Water bottle filled. Good article, primo!
Thanks! Hope that it helped you someway <3
Nice to see the concept of signal applied to database modelling, thanks for the awesome knowledge
Awesome article!
I'm wondering how many databases (or even database types!) can be involved in a single social media feature...
Depends on your needs and the volume necessary
You can look at the likes of stack overflow as a website that scaled massively just with Microsoft SQL Server.
You could also use Redis with persistence if you don't mind a secondary data source or have different scaling needs.
Every 10x of users past the first 10k or so will mean differing approaches. At 1m or so you start needing something more like ScyllaDB.
BRABO!
Quite informative. Welldone Daniel.
I am trying to understand the benefits of being atomic.
If multiple users run the update query, they will probably get a deadlock back.
Deadlock is impossible.
Counters implementation is base on CRDT, which is explained here:
scylladb.com/2017/04/04/counters/
This article is great, but Vacilinho is better!
Send me one please 🥺
Great article!
Excellent article!
Great!
Pretty good content
Great article!
Excellent article!
Nice Article, congrats primo!
Good article!
Nice Article!
Awesome article!!!
Good job!
Thanks dude <3
Nice Primo!
Amazing article as always, thank you for sharing your knowledge Daniel!
Nice article! Just learned a lot. Keep up the amazing work! :)
First time learning about Scylla, and looks quite powerful! Totally will be using for future projects.
Nice Article!
Really good article. Congratulations Daniel.
Nice article, congrats Dan!
great article!
Interesting thank you for sharing. Your post was clear. Continue working on making them clearer. Enjoy !
Cara, sou um pouco iniciante quando se fala de modelagem de banco de dados e pude compreender completamente a explicação. Estou esperando ansiosamente pela próxima postagem.

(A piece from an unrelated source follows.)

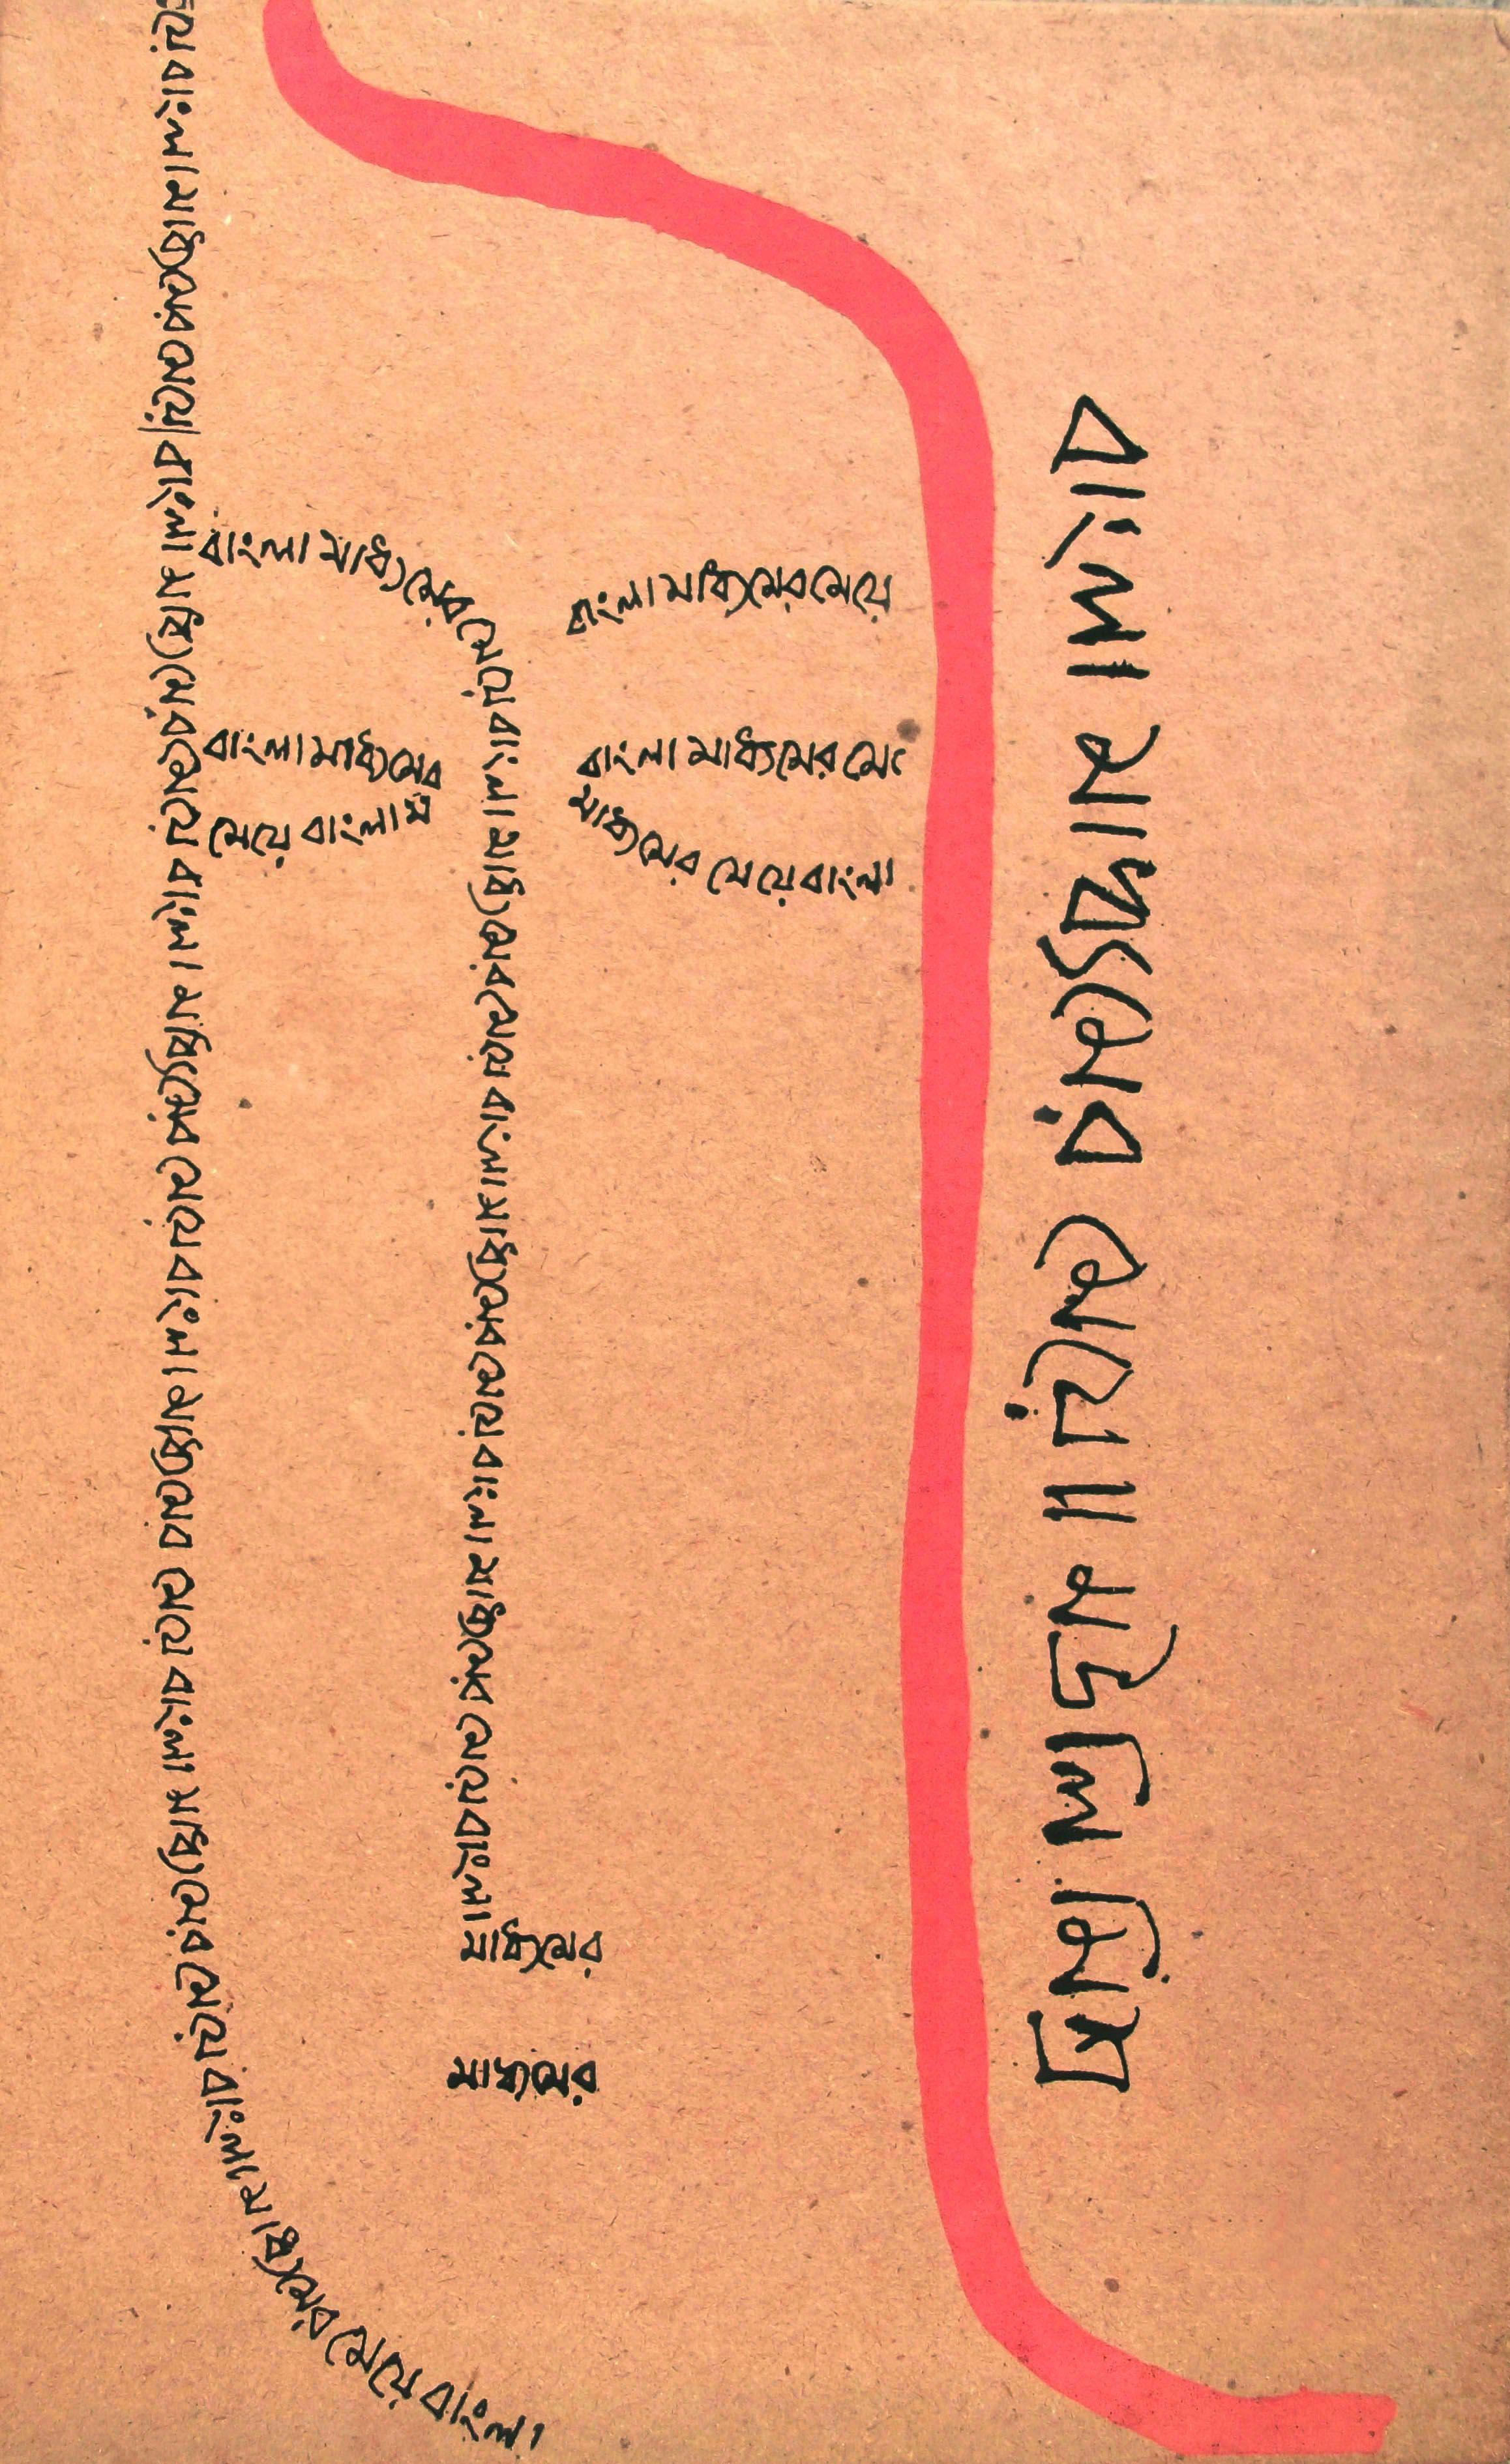 Book Cover Design Reference : Book cover by krishnendu chaki design and

Excellent article! Congratulations primo! <3
good article, congratulations!
Nice Article!
Both solutions are needed to avoid gaming likes.

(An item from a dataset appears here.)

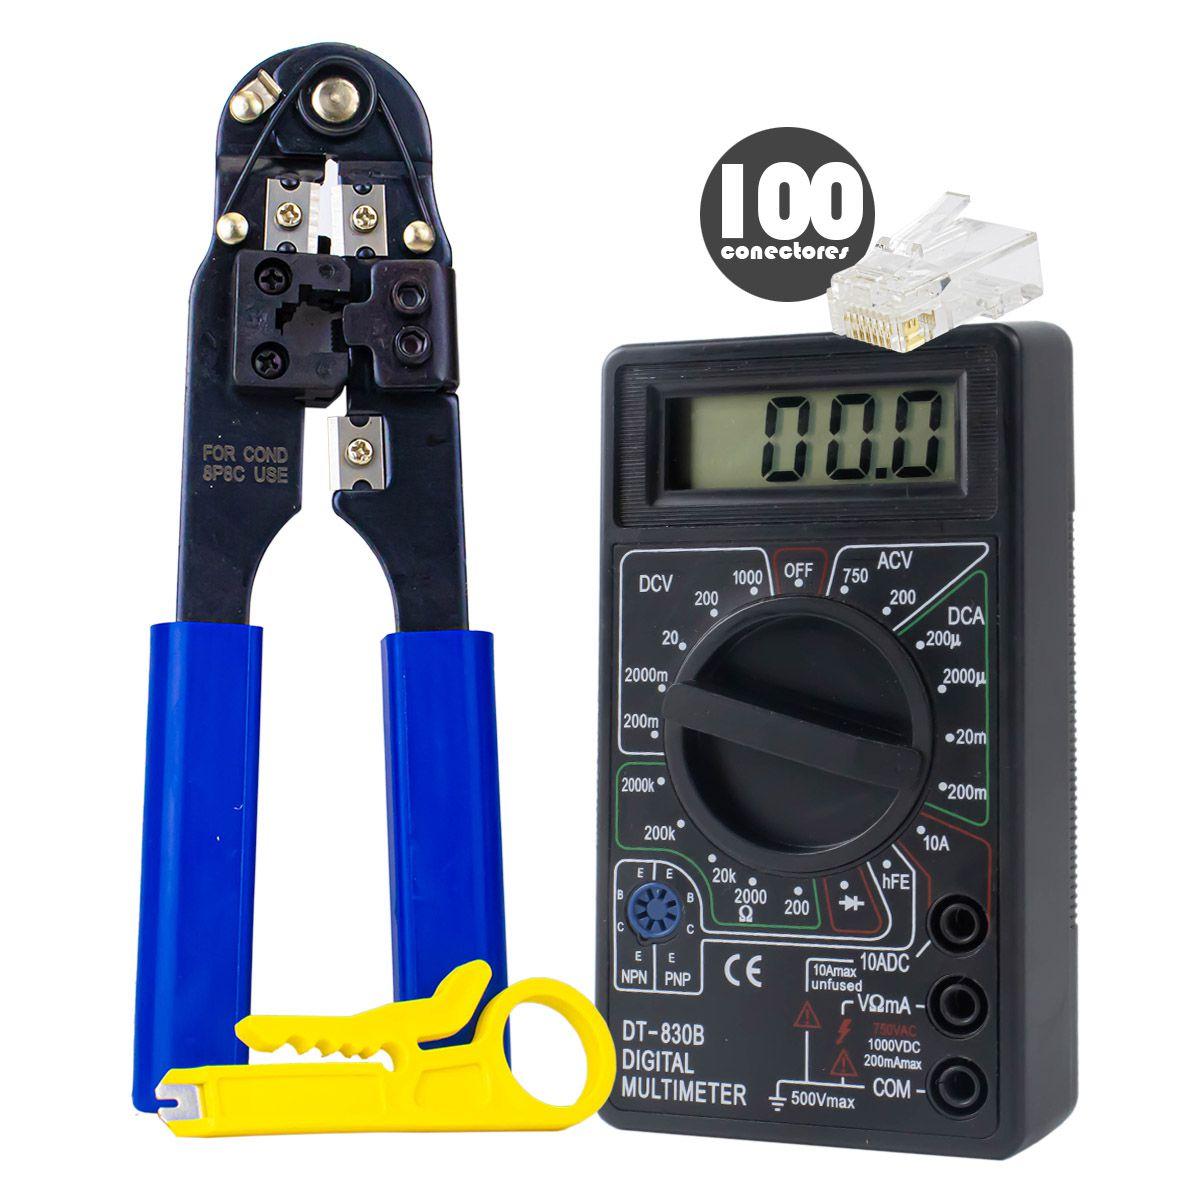 KIT Alicate de Crimpar 210c + 100x Conectores RJ45 + Multímetro Digital XT-573

You only need a single device to like and retract a like for a subjectId, so it could locally increment and decrement from a shared count.
Limits, separation of necessity and glamour and isolation of effect are key to engineering.
I made a small DB just to store counts. Its O(1) db, and it not an append only, and few lines of code. Tested only on linux.
github.com/anuragvohraec/CounterDB
when you create socials.posts table add column post_analytics and its type JSON/TEXT based. after that let's suppose the user inserts data and you make
json structure like this
analytics=[{
"username": text
"likes": "like/dislike"
"likes_at": timeStamp()
}]
every time users like or dislike value update on it by the query.
when any user sees a first-time post and likes the post it counts as 1. If he/she dislikes the post then data will update in json related to the user
Great idea.
I am testing how likes are stored.
That's great article brother. 🚀
wonder what this would look like in a graph database.
possibly i'm not understanding the article, but how does this approach differs from the traditional Database Normalization?
I would say I am still a junior, hence I won't feel stupid for asking, why did no one mentioned database triggers and function?